6.2. In the case of sales made F.C.A, F.A.S, F.O.B UK mainland unless otherwise agreed the Buyer shall upon request by WOB nominate a carrier or vessel to receive the Goods within 30 days from the date of WOB's acceptance.
6.3. Unless otherwise agreed in writing in the case of sales made C.I.F, C.I.P, D.D.U, or D.D.P WOB will effect marine insurance for the Goods on the terms of the current London Institute Cargo Clauses (All Risk) and may, effect war insurance.
6.4. Any dates quoted for delivery of the Goods are approximate only and WOB shall not be liable for any early or late delivery of the Goods however caused.
6.5. Where the Goods are delivered in instalments, each delivery shall constitute a seperate Order and failure by WOB to deliver any one or more of the instalments shall not entitle the Buyer to treat the Order as a whole as repudiated.
6.6. If WOB fails to deliver the Goods (or any instalment) WOB's liability is limited to the excess (if any) of the cost to the Buyer (in the cheapest available market) of similar goods to replace those not delivered over the Price of the Goods.

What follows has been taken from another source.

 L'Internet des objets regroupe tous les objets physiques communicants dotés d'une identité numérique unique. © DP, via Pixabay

6.7. If the Buyer fails to take delivery of the Goods or fails to give WOB adequate delivery instructions at the time stated for delivery (otherwise by Force Majeure or by reason of WOB's fault) then, without prejudice to any other right or remedy available to WOB, WOB may:
6.7.1. store the Goods until actual delivery and charge the Buyer for the reasonable costs (including insurance) of storage; or
6.7.2. sell the Goods at the best price readily obtainable and (after deducting all reasonable storage and selling expenses) account to the Buyer for any shortfall below the Price under the Order
6.8. Any charges quoted for delivery of the Goods including transport, packaging, insurance are approximate only and WOB shall not be liable for any changes to the charges quoted however caused.
7. RISK AND PROPERTY
7.1. Risk of damage to or loss of the Goods shall pass to the Buyer:
7.1.1. in the case of Goods to be delivered at WOB's premises, at the time when WOB notifies the Buyer that Goods are available for collection;
7.1.2. in the case of Goods to be delivered otherwise than at WOB's premises, at the time of delivery or, if the Buyer wrongfully fails to take delivery of the Goods, the time when WOB has tendered delivery of the Goods.

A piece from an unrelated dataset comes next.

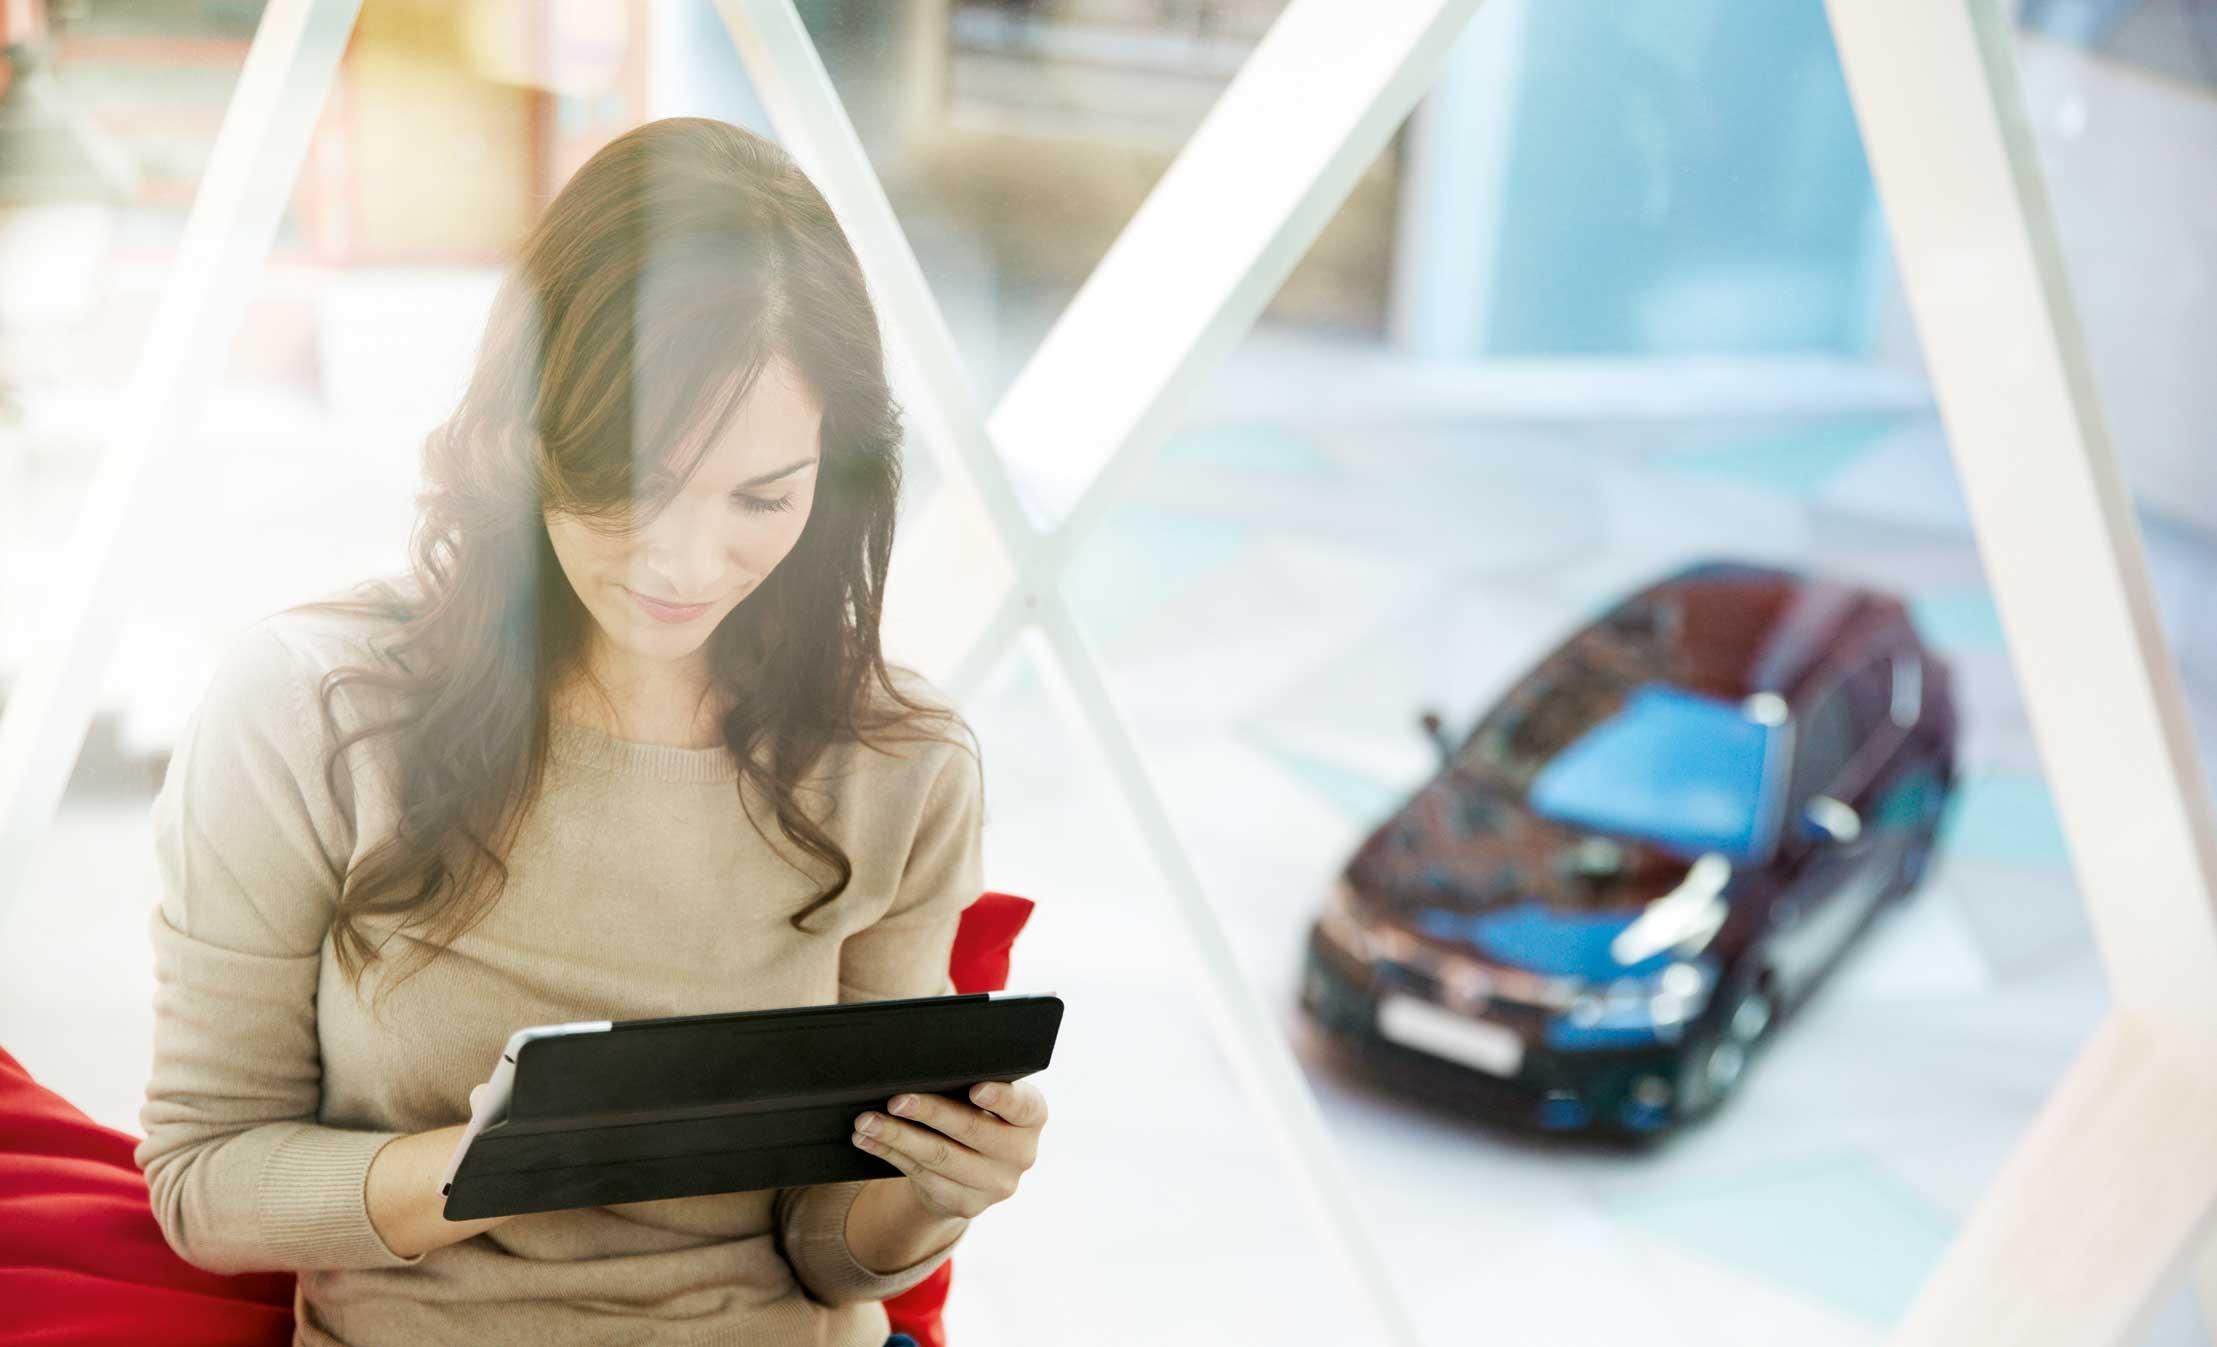 Mujer consultando tableta con Lexus aparcado en el exterior

7.2. The property of the Goods shall not pass to the Buyer until WOB has received in cash or cleared funds payment in full of the Price and all other goods agreed to be sold by WOB to the Buyer for which payment is then due.
7.3. Until such time as the property in the Goods passes to the Buyer, the Buyer shall hold the Goods as WOB's fiduciary agent and bailee, and shall keep the Goods separate from those of the Buyer and third parties and properly stored, protected and insured and indentified as WOB's property, but shall be entitled to resell or use the Goods in the ordinary course of business
7.4. Until such time as the property passes to the Buyer (and providing the Goods are still in existence and have not been resold), WOB shall be entitled at any time to require the Buyer to deliver up the Goods to WOB and, if the Buyer fails to do so forthwith, to enter upon any premises of the Buyer or any third party where the Goods are stored and repossess the Goods.
8. BUYER'S OBLIGATION
The Buyer shall be responsible at its own expense for:
8.1. indemnifying WOB (and its employees and agents) in respect of any claims which may be made against WOB (or its employees and/or agents) as a result of moving Goods across international borders
8.2. the giving of all such notices as required in accordance with the relevant local authority requirements in connection with the import / export of Goods between all and any international territory
9.1. Subject to the conditions set out below in clauses 8, 9 and 10 WOB warrants that the Goods will correspond with the description of the Goods in the Order
9.2. The warranty above is given by WOB subject to the following conditions:
9.2.1. WOB shall be under no liability in respect of any perceived difference in condition from that described by WOB.
9.2.2. WOB shall be under no liability in respect of any change in condition arising from fair wear and tear through handling and storage by the Buyer.
9.2.3. WOB shall be under no obligation under the above warranty if the total Price has not been paid by the due date.
9.3. WOB will not be made liable for any loss whether direct or indirect or loss of profit or consequential or any damage as a result of:
9.3.1. any inaccurate or insufficient information given to WOB
9.3.2. failure to use the Goods for any purpose other than the Goods intended use.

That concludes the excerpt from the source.